Conflict was under way, well ahead of our lines, a conflict which had soon crested the hill of scattered dead that defined the midway between today’s trench and yesterday’s defeat. A man adorned in thick armor riddled with charms and messy strokes of paint soon stood along atop it, another crack of lightning striking him at his shield which he effortless brushed off, his blade swinging forth at a yet unseen foe to vicious retort. Blood sprayed back and down the mound as the armored man was slowly pushed. He dived down the hill, discarding his shield and clenching his shaky fist as tendrils of white-hot flame danced down his arm like snakes slithering from the gaps in his plate. A wave of occultists, defined by their tattered rags and bloodied faces clawed their way after him. What had started as flames roared into an inferno, the spellsword’s hand erupting into a pillar of hungry flames that twisted itself outwards, blanketing the pile of dead and introducing new bodies to rest alongside them. What was left in the wake of the flames was the spellsword, his body shaking as labored breaths struggled to push past his stuffy helmet. It was growing difficult to see him, the air around his body twisting and writhing like heat rising off desert sands. He forced himself up, grabbing his shield and bracing in time for the flames to part and give way to a sorcerous foe, hastily armored and lined in gruesome scars and charred flesh. His twitchy, emaciated frame doing well to hide the power that surged beneath his sagging flesh.

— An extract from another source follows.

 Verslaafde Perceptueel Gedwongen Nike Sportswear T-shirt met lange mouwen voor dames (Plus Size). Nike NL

Lightning danced down from this one, his hands searing in the wake of his spell, a hideous cackle dripping from his chapped lips as the blackened skin flaked away of its own accord. The spellsword met the lightning as he did the last, his shield claiming the bolt and casting it awry. The bolt cracked aside the occultist, striking one of the massed dregs that was coming to his aid and forking its way well behind the line of battle only to be followed by a cascade of brilliant explosions that gave way to further bolts of hungry, forking lightning. The spellsword surged ahead, driving his shield into the body of the occultist with a resounding crash, fire emerging from its face and bursting through the chest of the sorcerer with little delay. Dropping his shield again, he reached into a satchel at his side to gather metal scraps, his clenched fist soon leaving them molten. He cast the mass overhead as it whistled and popped, scattering slag in its wake, the sound carrying across the fields of dead.

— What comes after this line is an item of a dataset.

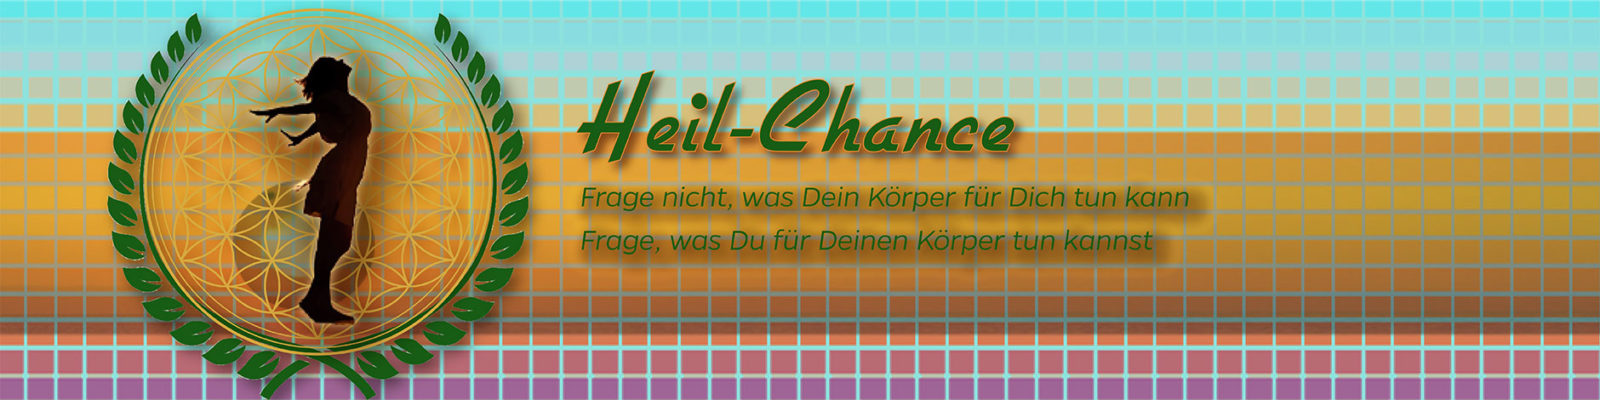 Heil-Chance

Crossbows were hefted as I alongside the rest clambered to the side of the lone bladesman, his silence never breaking as he ushered us forth. We took place amongst the nameless dead, mostly comprised of the dregs that sought Verazzo burying the few militias who fled the trenches following yesterday’s defeat. Rippling electricity danced forth from the trench, each of which met the same fate as the last against the knight’s shield. He charged ahead, the fumes rising from his body growing hotter as he fought past sizzling heat that built in his plate as he crashed down into the occupied earthwork, the heat that built in his armor rapidly venting and coursing through the line, hideous screams following as several cultists clawed their way up only to be met with a volley of bolts that stopped them in their tracks. We were unaware of what was going on deep in that trench, only that the explosive flames that broke up the melee were rapidly moving to and fro only to be broken up by a similar expulsion of hot, acrid fumes that scattered cultists like gnats out of the trenches into the sights of our weapons.

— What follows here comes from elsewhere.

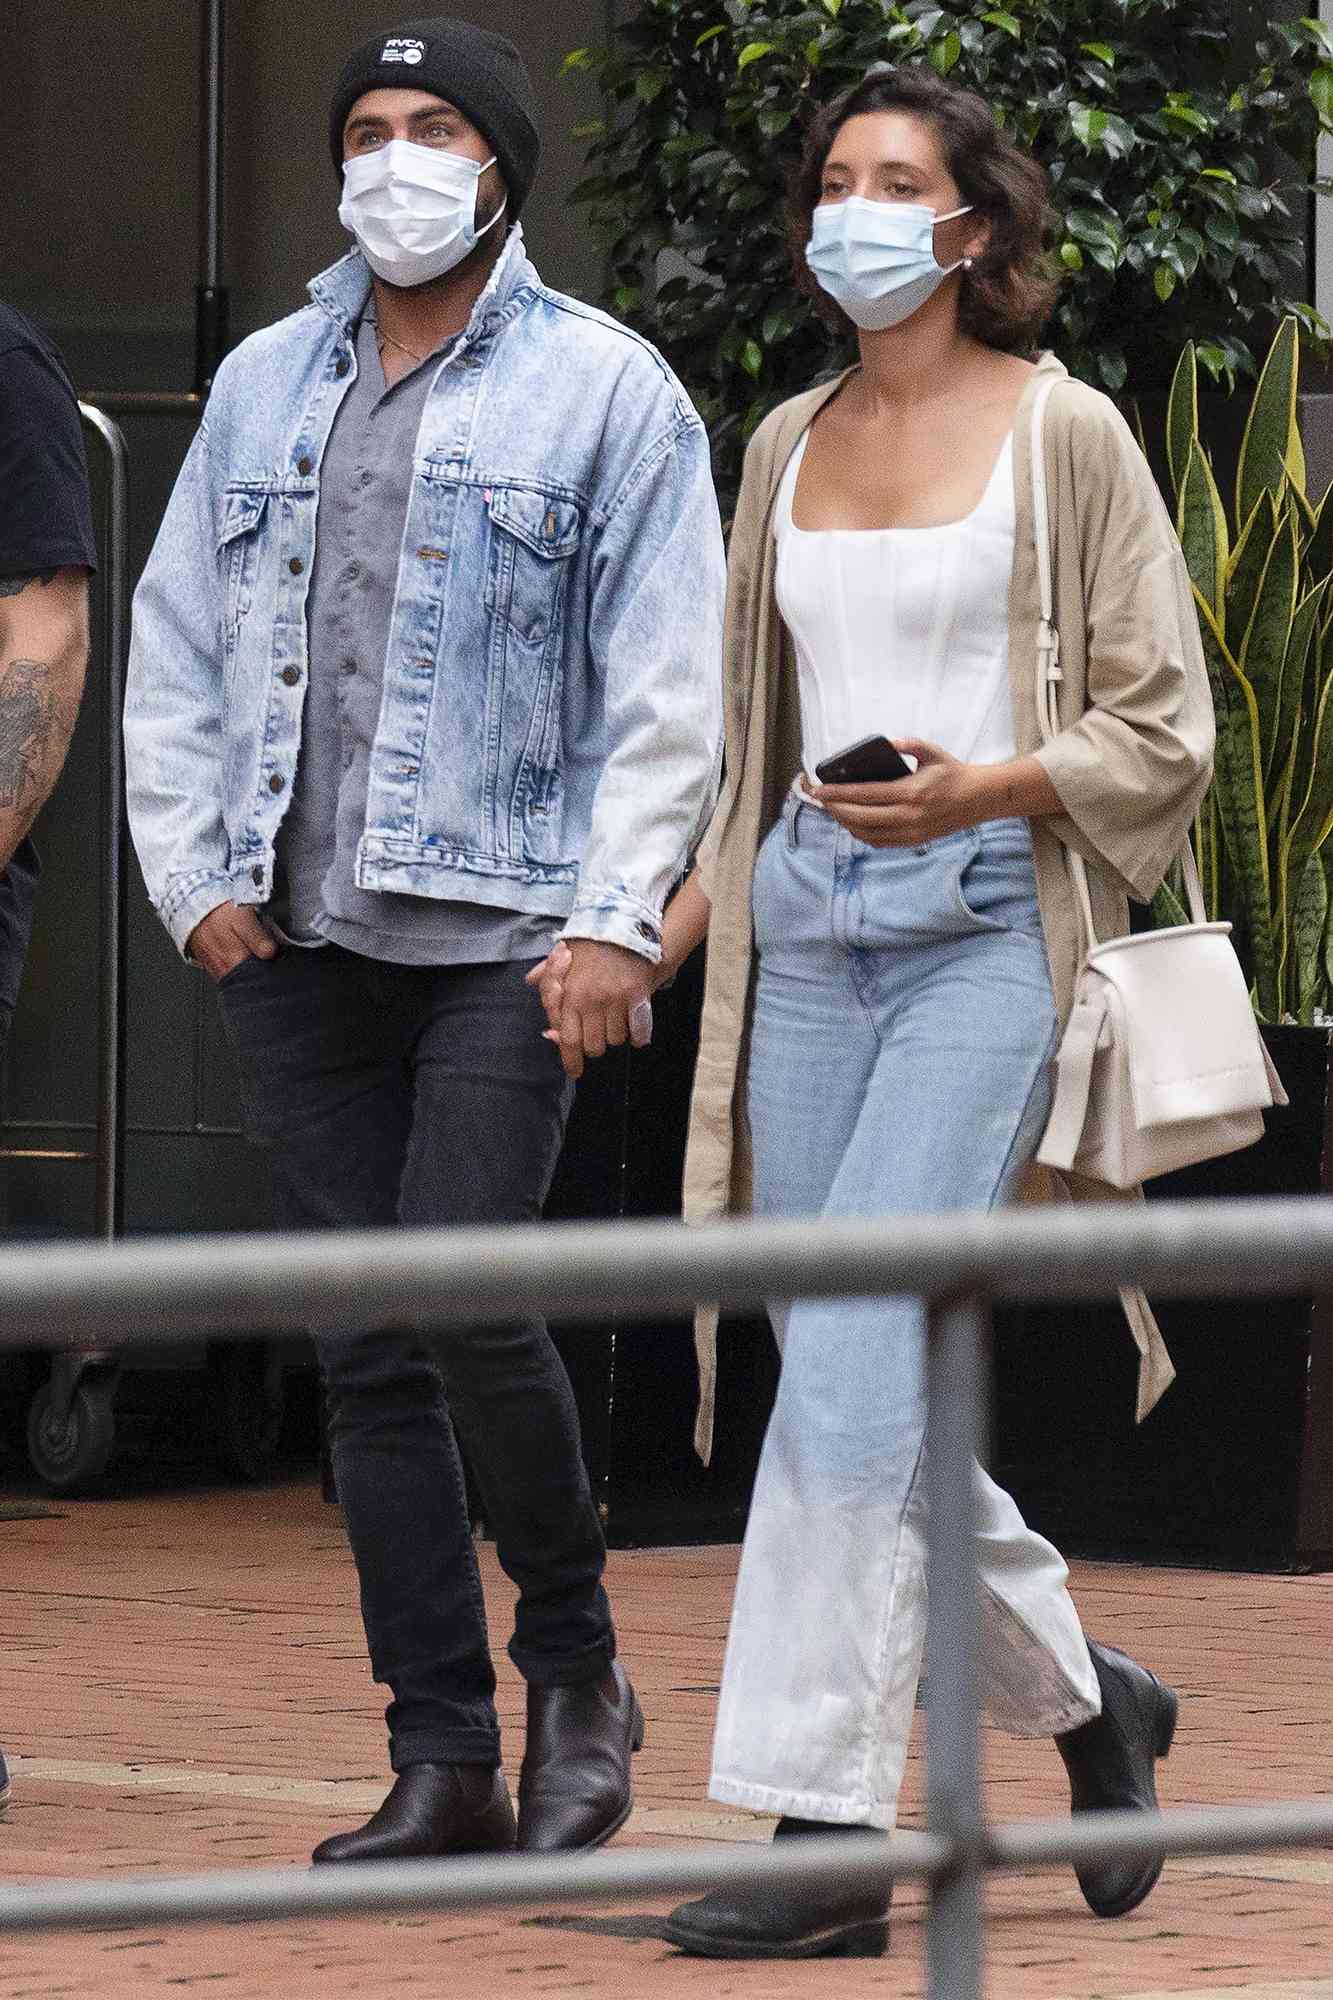 Zac Efron และแฟนสาว Vanessa Valladares จับมือกันระหว่างทานอาหารเย็นที่ออสเตรเลีย

I had known well what this was, a legend amongst us all who prayed for relief against this endless horde. The Campestrian, or rather, one of seemingly many who hid from the eyes of common men and gallivanted amongst the woods and frontiers in pursuit of glory. The melee continued for what seemed like an hour, dozens upon dozens of scattered souls met an end by our hands as the campestrian knight scattered the bravest of their smoldering remains against the walls of the embankments to make his way to the next.

We would live another day, it seems. The voiceless knight, our savior, unwilling to bear the gift of thanks had pulled himself up from the reclaimed trench to flee to the safety of the thicket due east.